Langkah strategis untuk memperkuat fiqih pemberdayaan adalah dengan memperluas literasi sosial di kalangan santri dan ulama, serta menjembatani ilmu fiqih dengan ilmu sosial dan ekonomi yang bisa membuka cakrawala berpikir dan merespons realitas.
Hal ini bisa dilakukan melalui pelatihan, kurikulum integratif, dan kolaborasi antara pesantren, perguruan tinggi, dan lembaga sosial. Sinergi ini diperlukan agar fiqih tidak hanya berkutat dalam wacana, tetapi juga hadir dalam aksi nyata di masyarakat.
Perlu juga ada publikasi dan riset fiqih yang mengangkat realitas sosial umat, sebagaimana dicontohkan oleh Majelis Tarjih Muhammadiyah dalam Risalah Islam Berkemajuan (PP Muhammadiyah, 2015) yang kerap merespons persoalan kontemporer secara progresif.
Fiqih Pemberdayaan dalam Konteks Kehidupan Plural
Fiqih pemberdayaan juga harus mampu menjawab tantangan kehidupan plural yang multikultural.
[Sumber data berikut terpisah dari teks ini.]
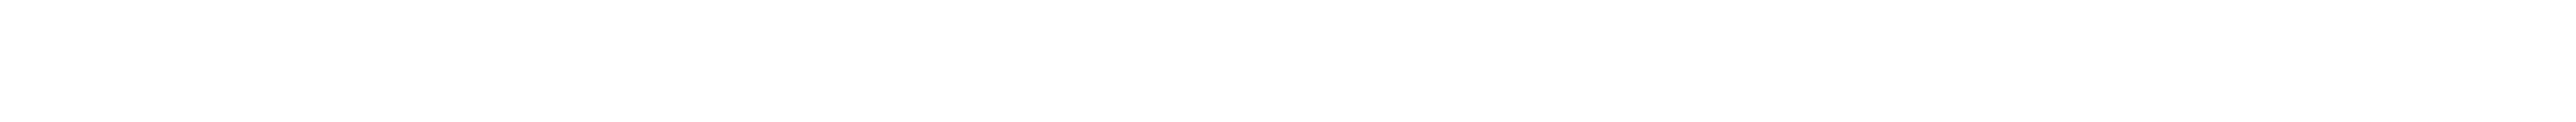 essexs-home-logo
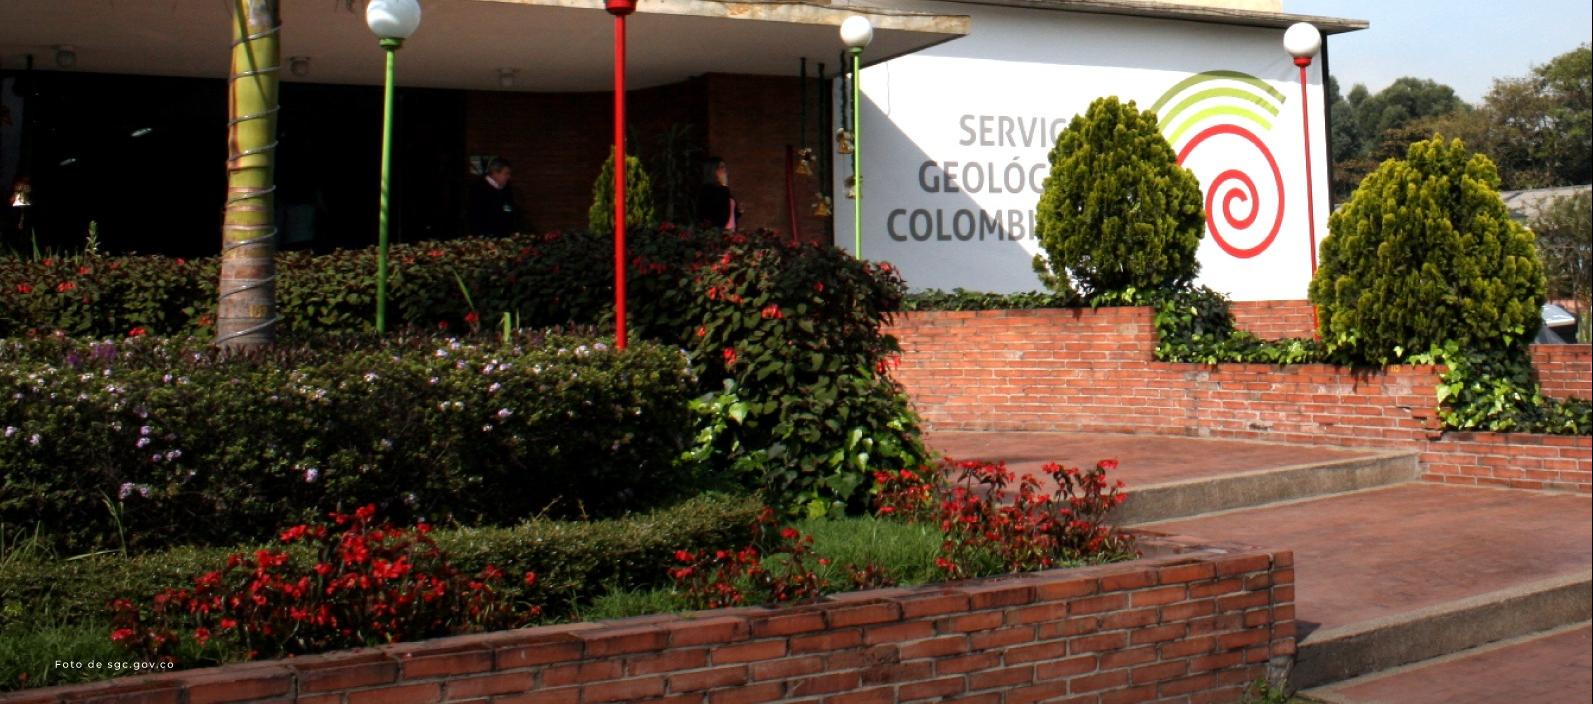 Servicio Geológico Colombiano.

Dalam masyarakat majemuk, kehadiran non-Muslim sebagai warga negara setara menuntut pendekatan fiqih yang inklusif dan membangun solidaritas lintas iman.
Sebagaimana dijelaskan oleh Azyumardi Azra dalam Islam Substantif (2004), prinsip keadilan dan kemaslahatan dalam Islam tidak bersifat eksklusif. Spirit pemberdayaan umat harus melintasi batas-batas identitas keagamaan dan menjunjung tinggi kemanusiaan universal.